If you read the article you sent me, you'll learn that, just as I said, you don't use sodium chloride, aka table salt, aka sea salt, for these purposes.
In an ideal world that crystalline salt by product could be used to offset any imported or mined salt, further reducing the environmental impact of those operations.
Oh no, the hassle of managing the raw input for several key industrial processes that is created for free as a side product of MAKING WATER DRINKABLE WITH FREE ENERGY FROM THE SUN is TOO MUCH OF A PROBLEM! Especially considering we could instead murder millions of fish - which we then can’t eat- in the process! This entire technology is doomed!
Come on guys please at least attempt to think what you’re about to type, please, I beg you.
So, we could just dump it on the salt flats in Utah? Plenty of places are already super salty, so nothing lives there (unless it’s able to handle that).
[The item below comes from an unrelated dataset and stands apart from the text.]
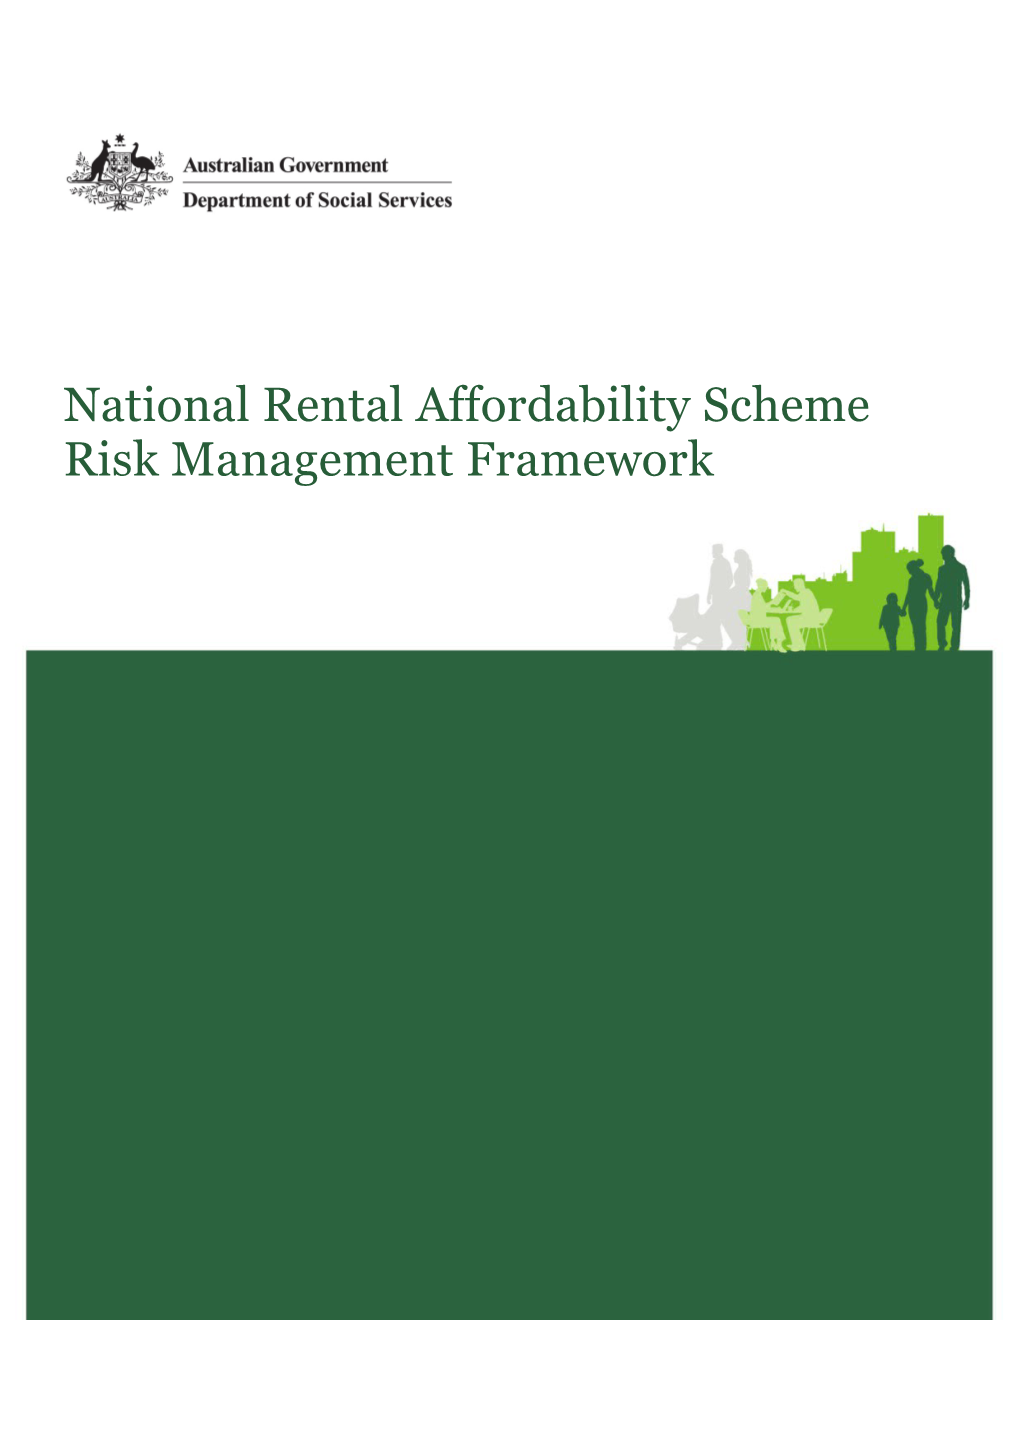 National Rental Affordability Scheme Risk Management Framework

Brine might be bad to the place you dump into, but crystalline salt is even worse.
Overall though, it’s just such a tiny concern. Ocean is huge. If we kill everything in a 100 foot radius, that’s 0.0000000008% of the ocean being destroyed. Less than a drop in a bucket.
This paper is interesting, however, in directly producing crystalline salt, which is lower volume than brine and easier to dispose of, maybe even valuable.